- **INPUT DATA**:
-----
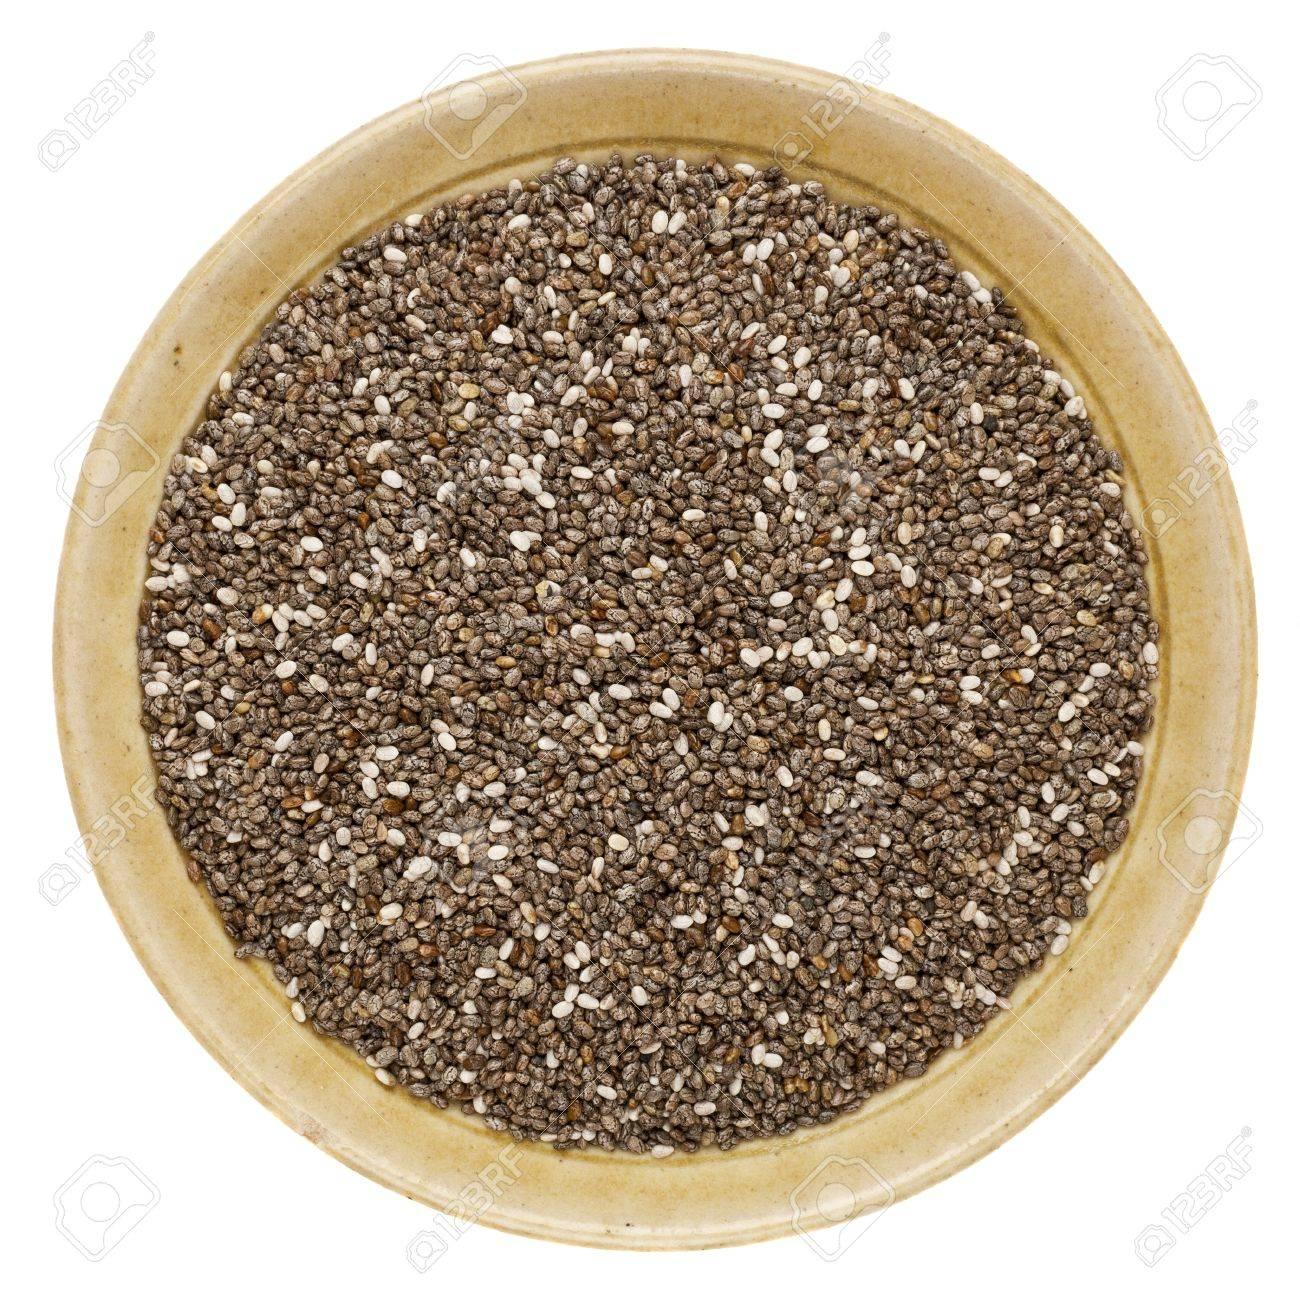 chia seeds (Salvia Hispanica) in a round ceramic bowl isolated on white Stock Photo - 15031367
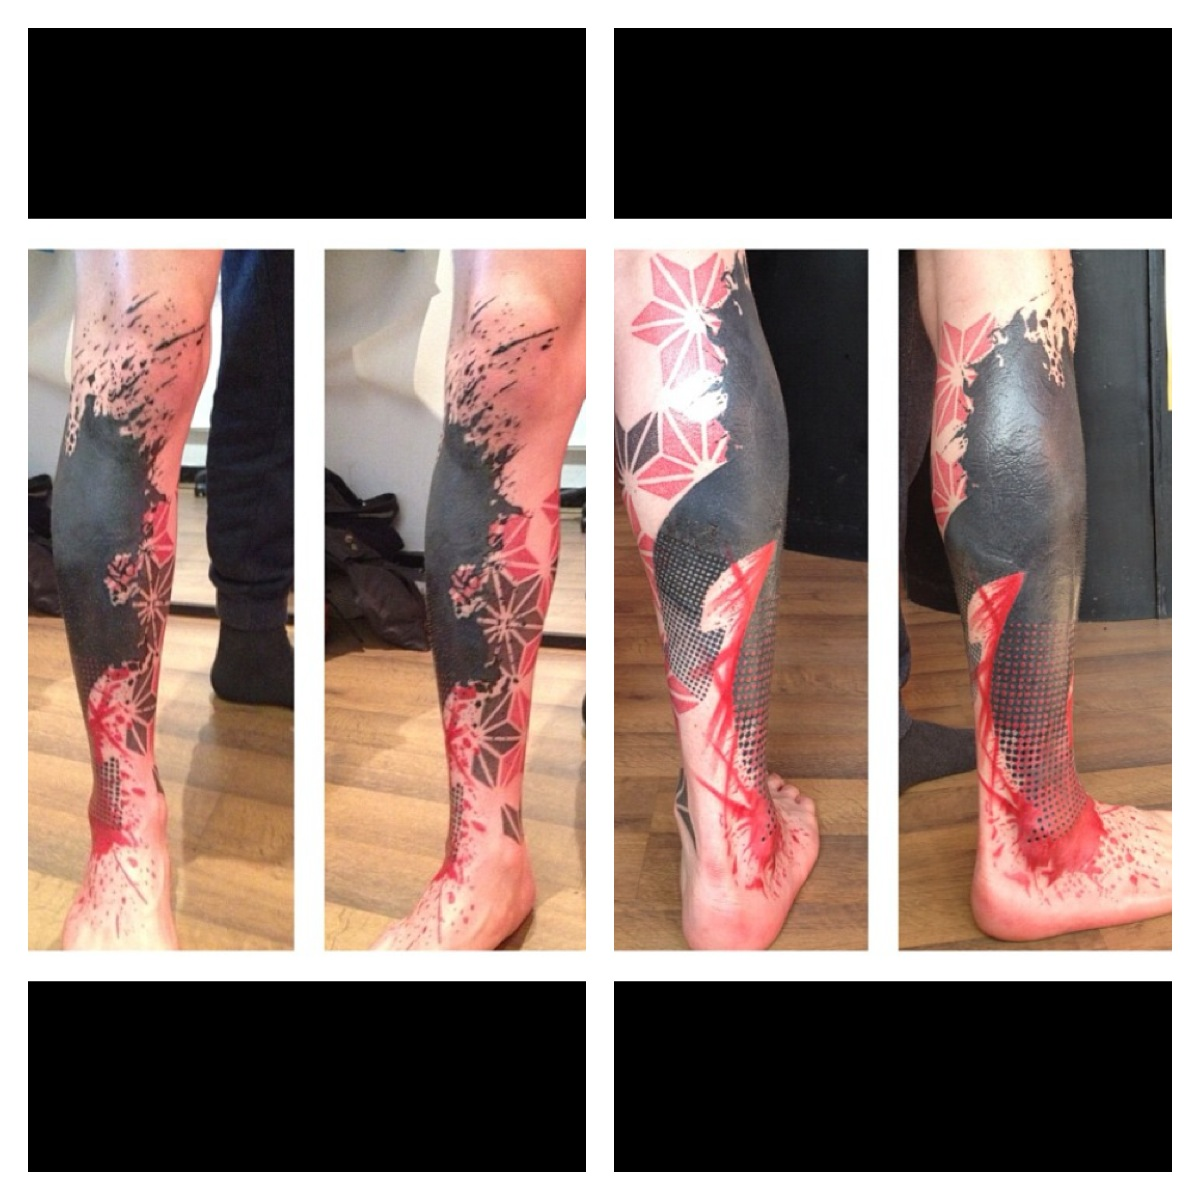 Amazing abstract leg tattoo
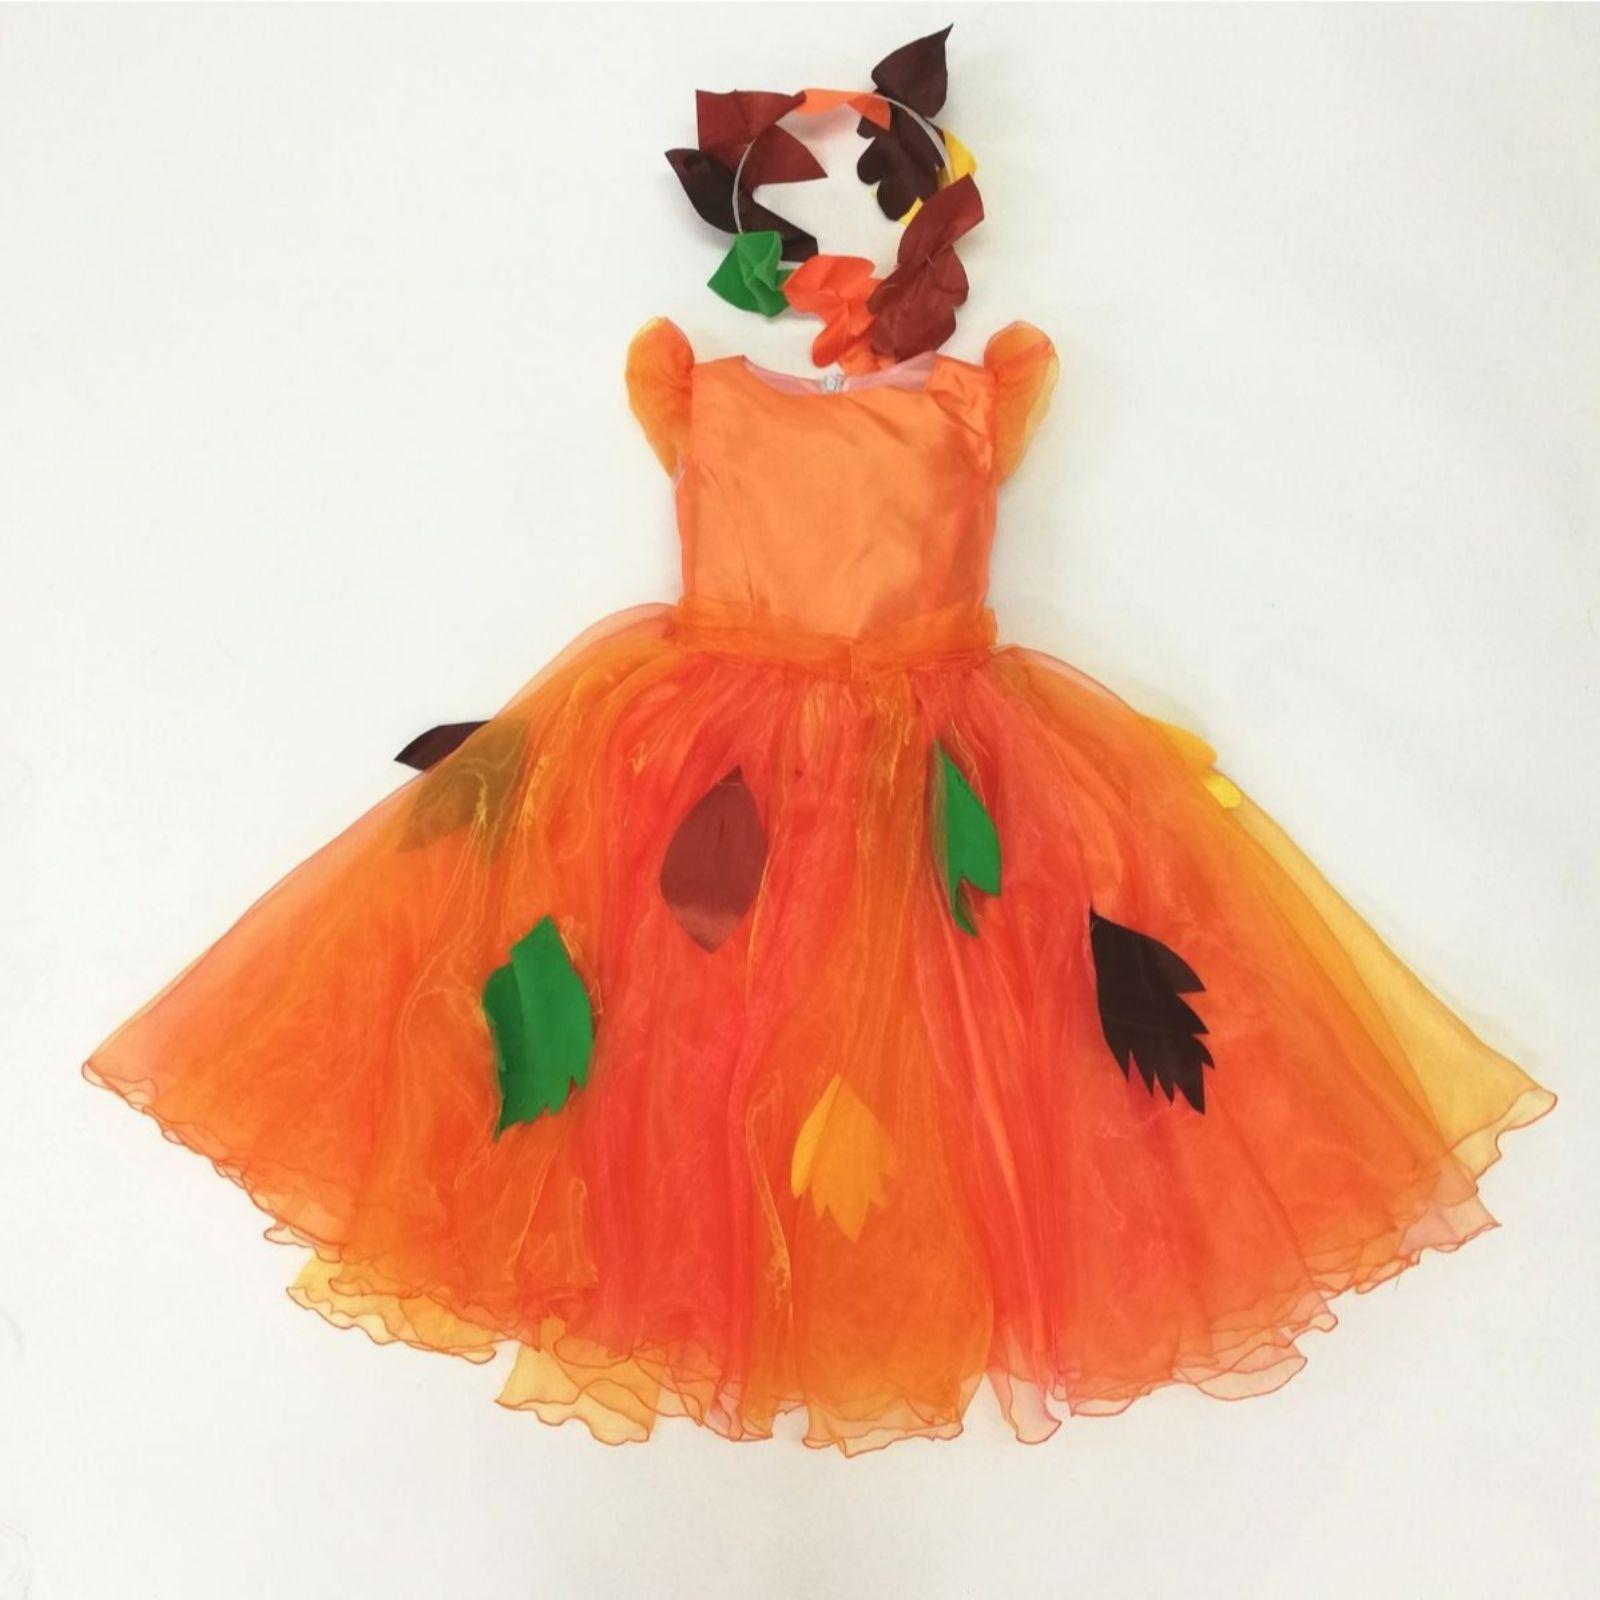 Rochița Zâna Toamnă portocaliu 1
-----
- **YOUR OBJECTIVE**:
The listing is to be repeated word for word, with all pictures omitted.

- **REPLY**:
 chia seeds (Salvia Hispanica) in a round ceramic bowl isolated on white Stock Photo - 15031367
 Amazing abstract leg tattoo
 Rochița Zâna Toamnă portocaliu 1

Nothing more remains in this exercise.